Ich lade Sie ein, lade Dich ein: Werden auch Sie, werde auch Du Mitglied der SPD. Dieses kann ganz einfach geschehen: nämlich online auf der SPD-Seite. Wir sind berlinweit vor Ort präsent mit unseren SPD-Kreisbüros, mit den Büros der Mitglieder im Berliner Abgeordnetenhaus - für Tempelhof-Schöneberger*innen natürlich mit meinem Büro in der Friedrich-Wilhelm-Straße 86, 12099 Berlin-Tempelhof.

Sie können sich vorstellen: Ich freue mich riesig über diesen Zuspruch für meine politische Heimat, die SPD. Die Nominierung von Martin Schulz zum SPD-Parteivorsitzenden und zum SPD-Kanzlerkandidat trägt wesentlich für diesen Rückenwind bei. Die Bürger*innen spüren die Aufbruchstimmung: Mit der SPD ist ein gesellschaftspolitischer Wandel für mehr Gerechtigkeit möglich. Die SPD nimmt Fahrt auf, die SPD schärft ihr Profil. Unser Ziel für die nächste Bundestagswahl am 24. September heißt: Die SPD wird stärkste Regierungspartei und Martin Schulz Bundeskanzler.

Wer die Rede von Martin Schulz hört oder liest, spürt, dass Martin Schulz die Menschen mitnimmt in eine lebendige Demokratie, in der niemand abgehängt wird. Wir Sozialdemokrat*innen wissen: Der Wahlkampf ist „kein Sprint, sondern ein Langstreckenlauf“. Wir haben die Kraft dazu.

Mi., 18. Januar 2017

Liebe Leserin, 
lieber Leser, 

die Bundestagswahl 2017 wirft ihr Licht voraus: Ich werde dem SPD-Kreisvorstand Tempelhof-Schöneberg bis zum 26. Januar 2017 mitteilen, dass ich mich erneut um die Kandidatur als Bundestagsabgeordnete für den Wahlkreis 81 Berlin-Tempelhof-Schöneberg, Bezirk Tempelhof-Schöneberg bewerbe. Über die Zulassung von Kandidaturen entscheidet der Kreisvorstand am 30. Januar. Zugelassen werden Kandidierende, die von mindestens einer SPD-Abteilung oder SPD-Arbeitsgemeinschaft nominiert wurden. Diese Voraussetzung erfülle ich. Dafür meinen herzlichen Dank an meine Genoss*innen. Bei mehreren Kandidat*innen wird es eine Mitgliederbefragung geben, finden Vorstellungen in Mitgliederforen Anfang März statt. Die entscheidende Wahl über die Direktkandidatur nehmen die Delegierten der Wahlkreiskonferenz am 1. April vor. 

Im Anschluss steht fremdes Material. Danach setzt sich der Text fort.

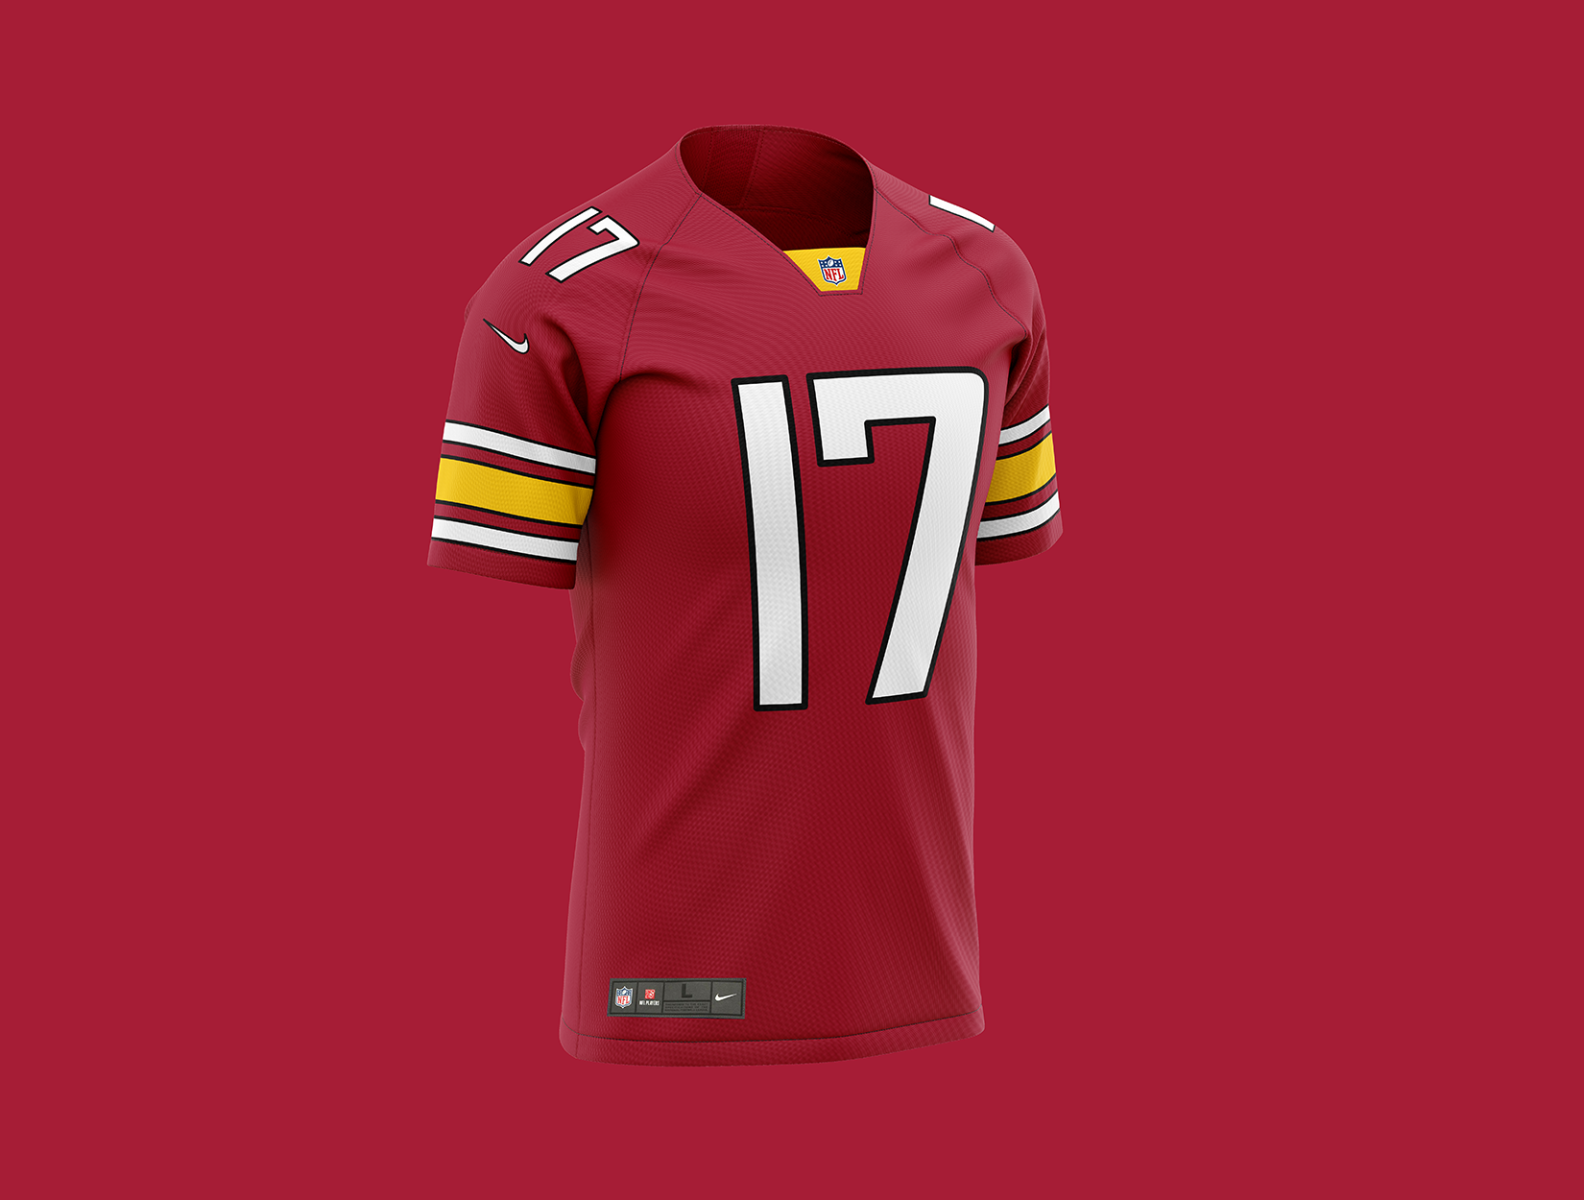 Washington Red Hawks (Redskins Rebrand) Team Concept Jersey 2020 by Luc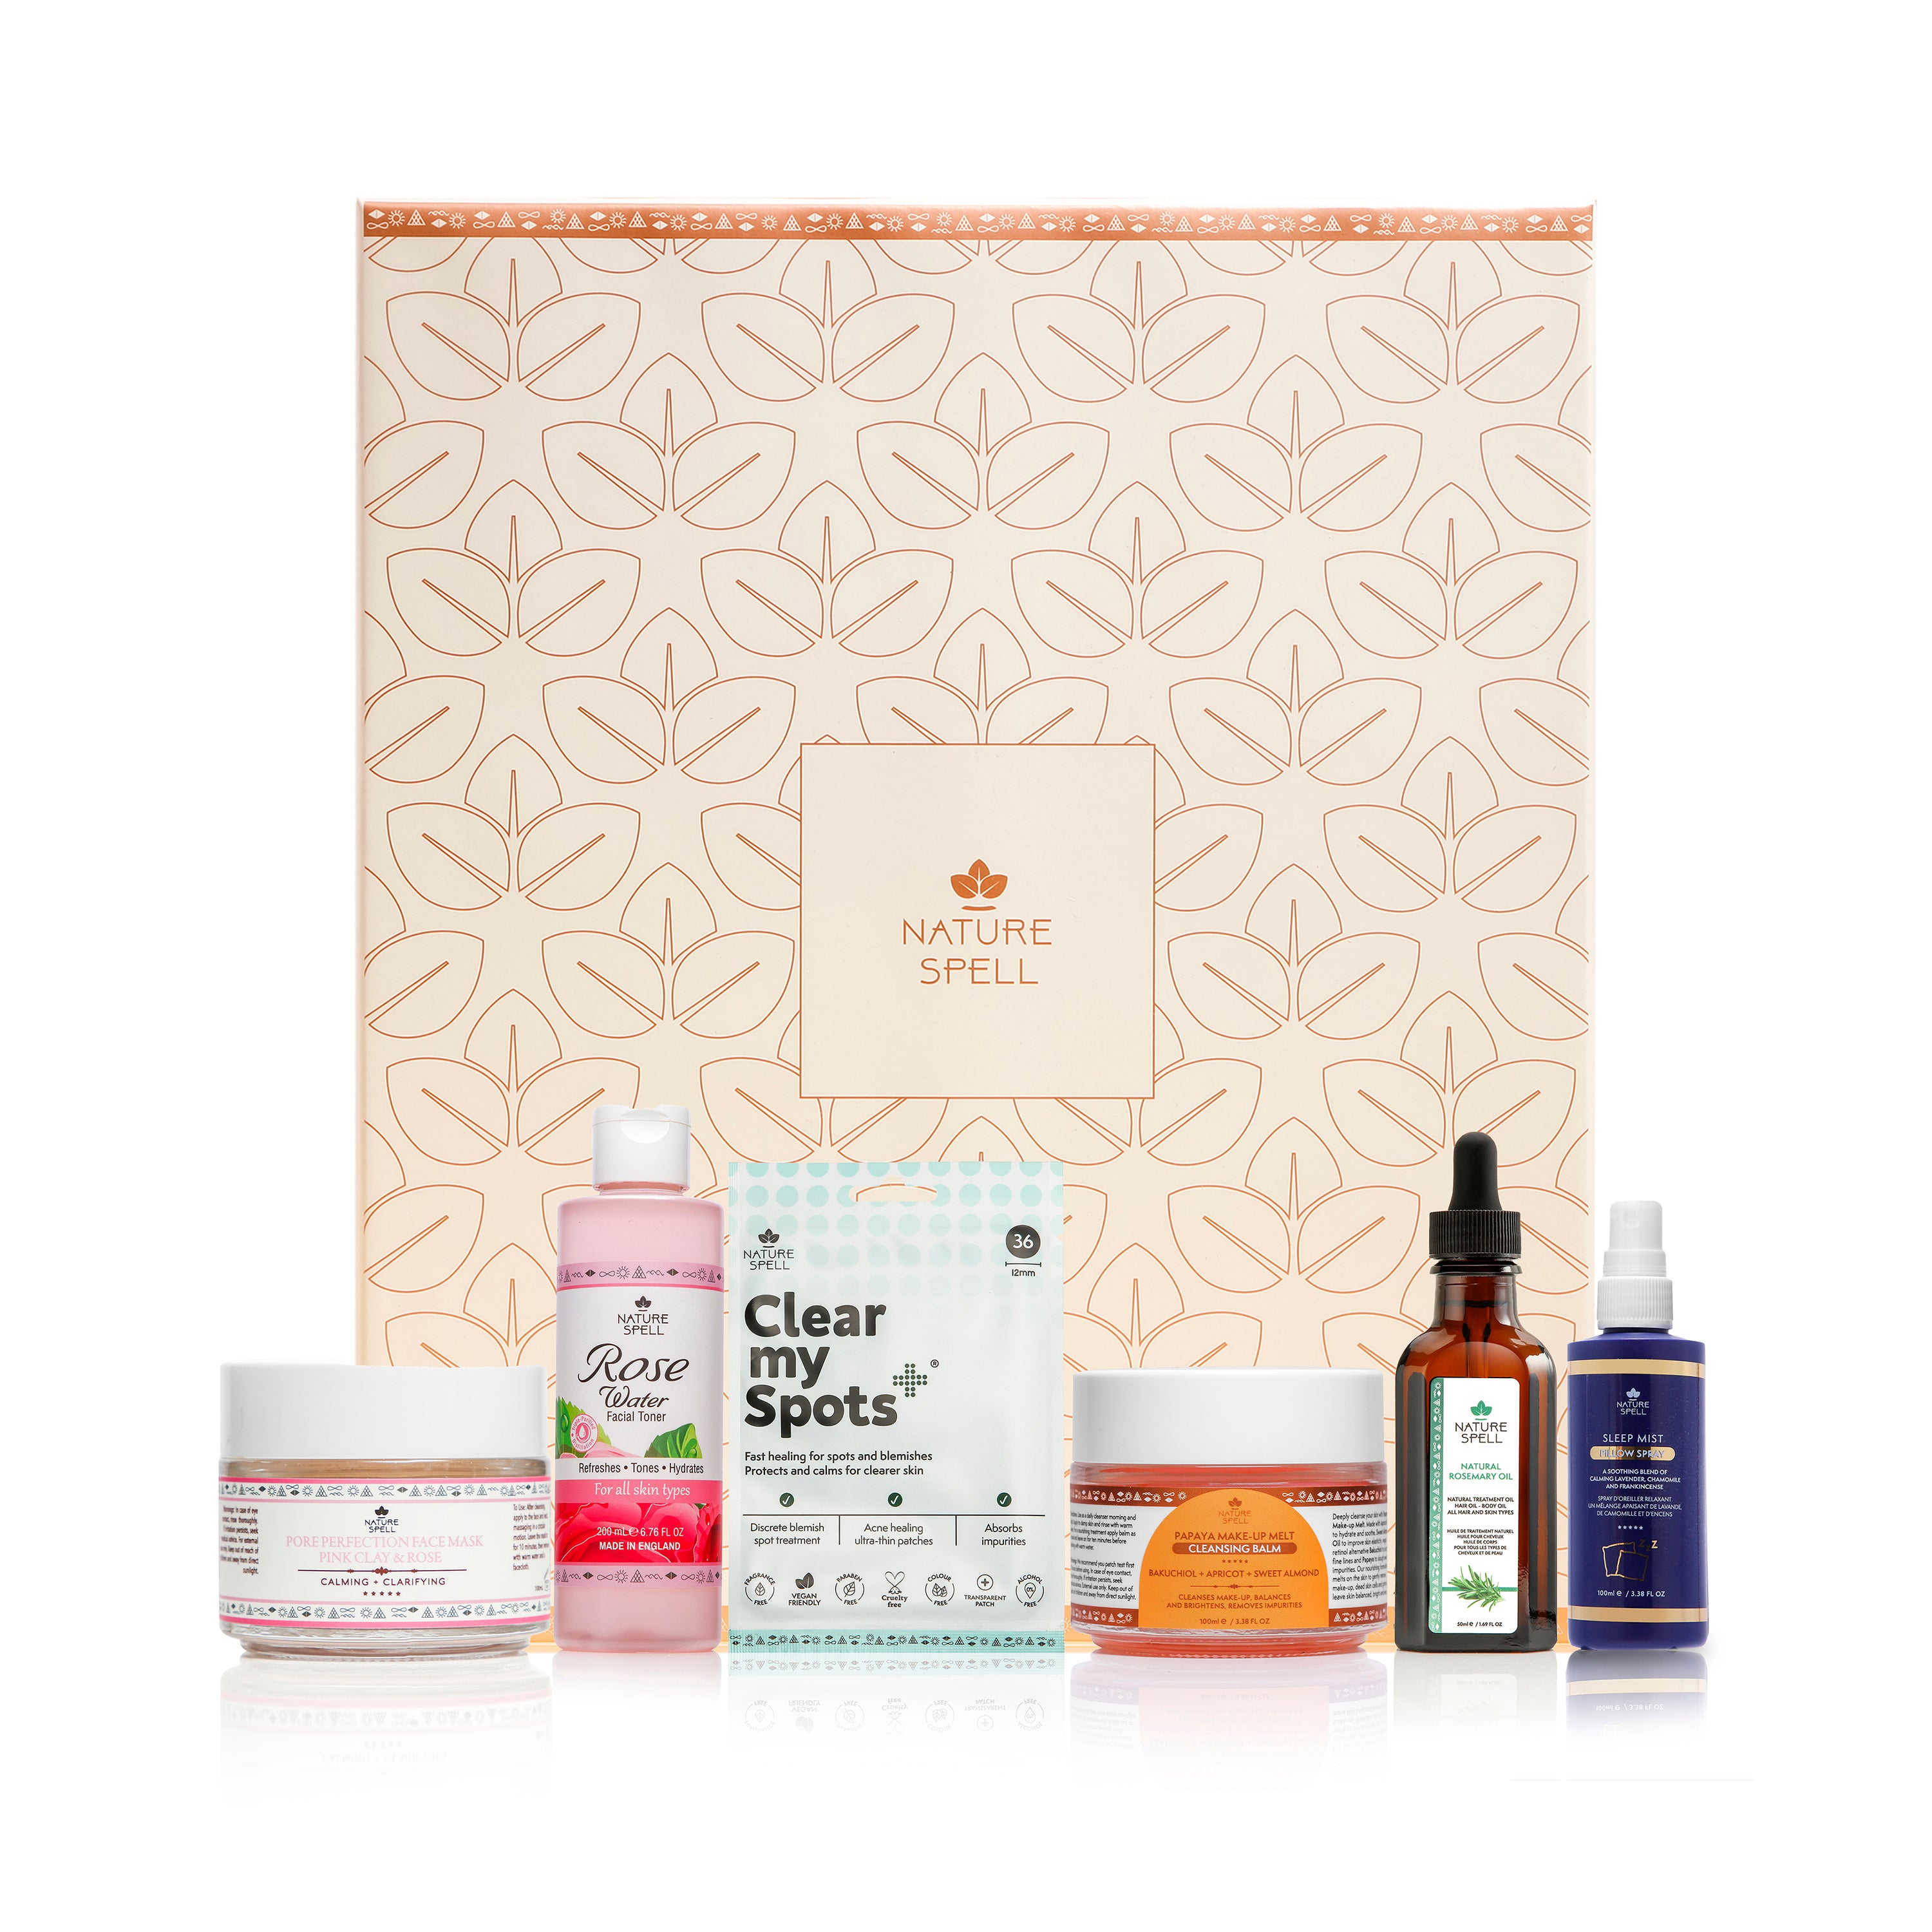 Pamper Season Gift Set - Your at-home selfcare moment

Ich habe große Lust und großes Interesse weiterhin mit Ihnen, mit Euch engagiert zusammen zu arbeiten für ein gutes Leben für alle. Ich möchte mich weiterhin einsetzen

Fr., 16. Dezember 2016

Liebe Leserin, 
lieber Leser, 

und wieder neigt sich ein Jahr dem Ende zu. Das Jahr 2016 stand und steht im Zeichen von Kriegen, internationalen Krisen. 2016 steht aber auch für gesellschaftliche Veränderungen hier in Deutschland, die mit den Formeln von Populismus und Rechtsradikalismus nur unzureichend beschrieben und beunruhigend sind. Der Ruf nach Frieden und gesellschaftlichem Zusammenhalt ist ein zentraler politischer Auftrag, dem ich mich zusammen mit Ihnen und Euch stelle.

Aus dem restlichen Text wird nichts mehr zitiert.